Data Engineering Weekly
dataengineeringweekly.comA weekly newsletter that cuts through the noise on modern data infrastructure. Covers Apache Iceberg table formats, lakehouse governance, Kafka streaming patterns, cost-efficient orchestration with Airflow and Prefect, and the evolving dbt ecosystem. High signal-to-noise ratio, well-annotated, and reliably useful for engineers building or maintaining production data stacks.
Neptune AI Blog
neptune.aiFocused on the operational side of ML: experiment tracking, model versioning, reproducibility, and team collaboration workflows. Neptune publishes detailed comparisons of MLOps tooling and honest post-mortems on what breaks in production. Useful for anyone managing a team of data scientists who run a large number of experiments and need structure around them.
Locally Optimistic
locallyoptimistic.comWritten by analytics engineers and data leads at growth-stage companies. Covers data team structure, the modern analytics stack, metric definitions, and the cultural challenges of building data-driven organisations.

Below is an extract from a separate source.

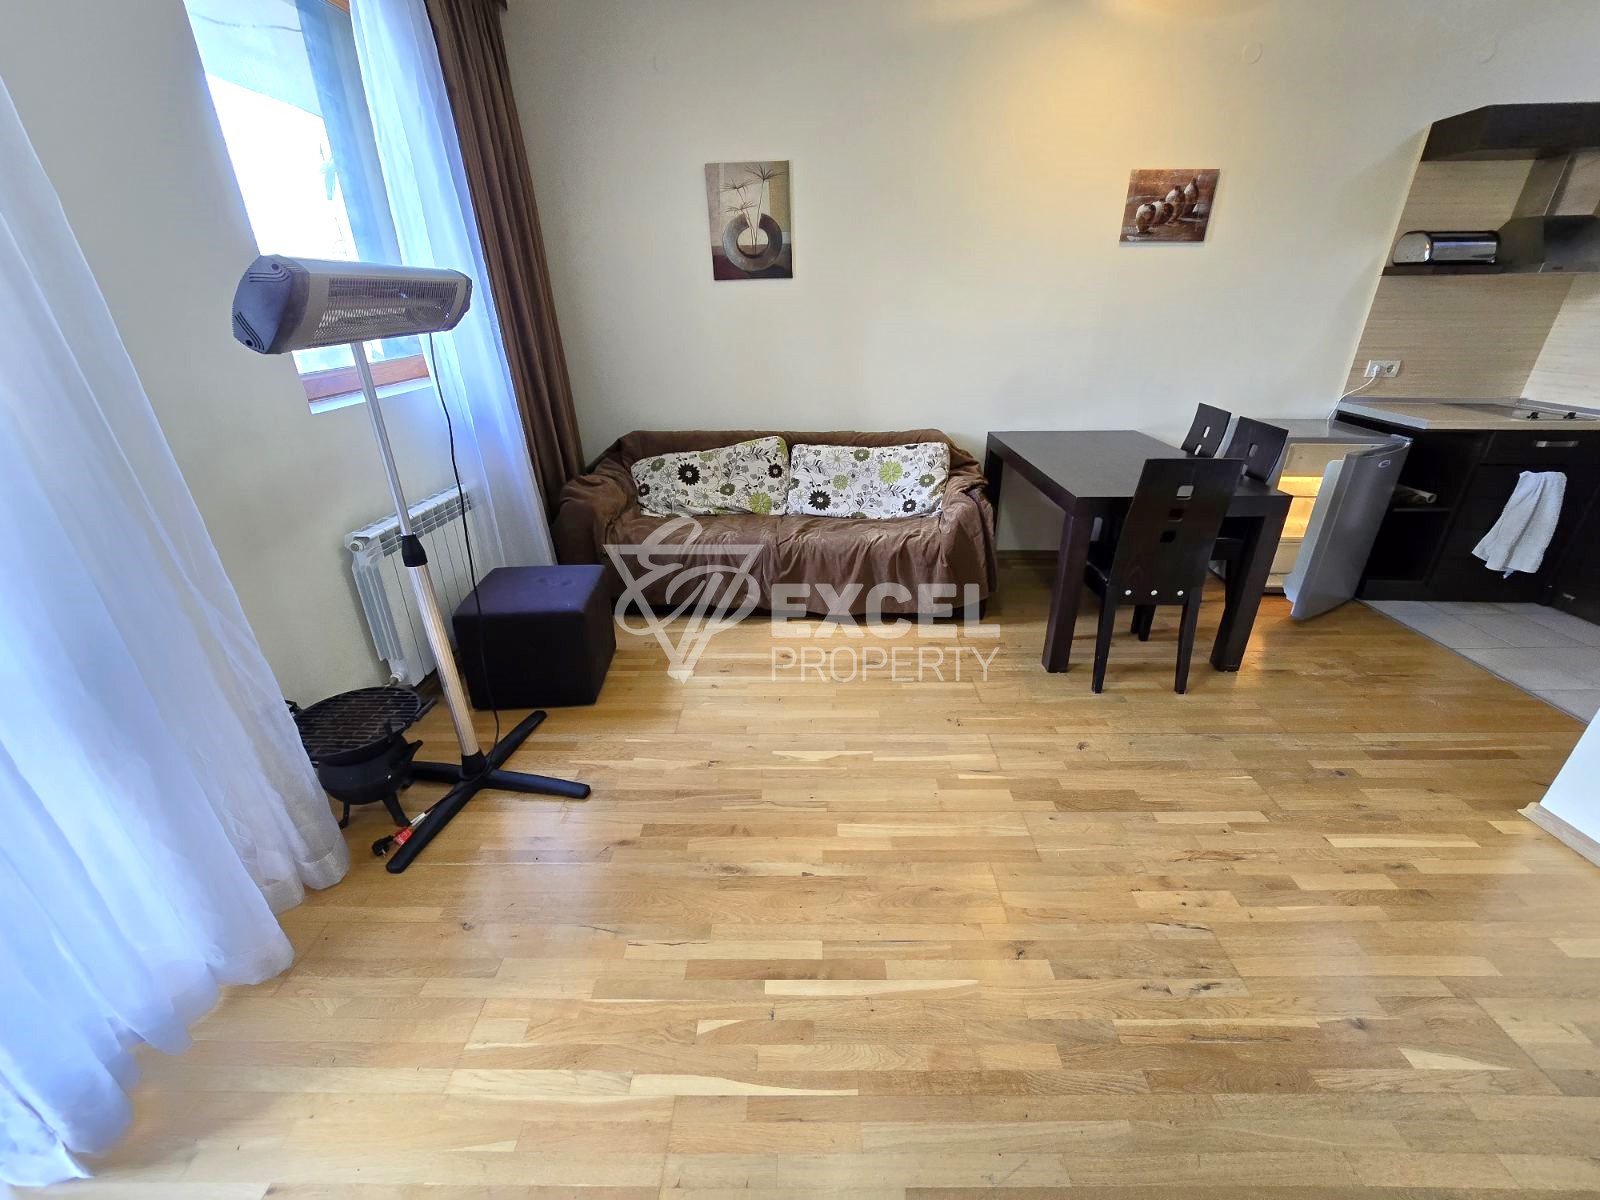 Продажа двухкомнатной квартиры на первом этаже в комплексе All Seasons Club, Банско

Benn Stancil's essays in particular are worth reading for anyone who wants a sharp, occasionally contrarian take on where analytics practice is heading.
Tableau Blog
tableau.comTableau's blog covers data visualisation best practices, dashboard design principles, and how analytics is being applied across industries from healthcare to financial services. Strong on the storytelling side of BI and how to present complex findings to non-technical stakeholders. Particularly useful for anyone responsible for executive-level reporting.
Google DeepMind Blog
deepmind.googleDeepMind publishes landmark research on reinforcement learning, protein structure prediction, mathematical reasoning, and the safety of large-scale AI systems. Not always immediately applicable to commercial data work, but essential context for anyone building on top of frontier models or advising clients on where AI capability is heading in the next two to three years.
Andrew Gelman: Statistical Modeling, Causal Inference, and Social Science
statmodeling.stat.columbia.eduAndrew Gelman's blog at Columbia is where Bayesian methodology, causal inference, and statistical practice collide with genuine intellectual honesty. He regularly dissects published research that misuses statistics, discusses prior selection in Bayesian models, and writes about the replication crisis in a way that is directly relevant to anyone building models that inform real decisions.
Quant at Risk
quantatrisk.comPractical quantitative finance, written by practitioners. Covers credit risk modelling, value-at-risk, portfolio construction, backtesting methodology, and Python implementation of financial models. One of the few blogs that bridges academic finance theory and the messy reality of building risk systems inside regulated institutions. Useful reading before any credit or market risk engagement.
Monzo Data Blog
monzo.comMonzo's engineering and data team publish unusually transparent accounts of how they build and operate ML infrastructure at scale inside a regulated UK bank. Topics include their internal data stack, AutoML experiments, MLOps maturity, and A/B testing infrastructure. Valuable not just for the technical content but for the honest writing about what did not work.
Hugging Face Blog
huggingface.coThe central resource for open-source NLP, LLM fine-tuning, and multimodal model development. Covers new model releases, training techniques, RLHF, parameter-efficient fine-tuning methods like LoRA, and practical guides to deploying transformer models in production. If you are building any system that touches language models, this is required reading.
Mode Analytics Blog
mode.comMode's relaunched blog focuses on exploratory analytics and the practical combination of SQL and Python in notebooks. Strong on case studies from high-growth technology companies and on the question of when to keep analysis in a notebook versus when to promote it to a production pipeline. Useful for analysts who sit at the boundary between data and product.
Stripe Engineering Blog
stripe.comStripe's engineering team writes openly about building and operating ML infrastructure at very large scale. Topics include fraud detection model architecture, reproducible research practices, real-time feature computation, and the data tooling they have built internally. The fraud detection writing is particularly relevant for any financial services ML engagement.
Datafloq
datafloq.comA platform focused on the business and strategic dimensions of data, AI, and big data. Covers topics including data governance frameworks, AI ethics and regulation, cloud strategy, and the organisational changes required to become genuinely data-driven. Useful for CxO-level reading and for framing data initiatives inside larger digital transformation programmes.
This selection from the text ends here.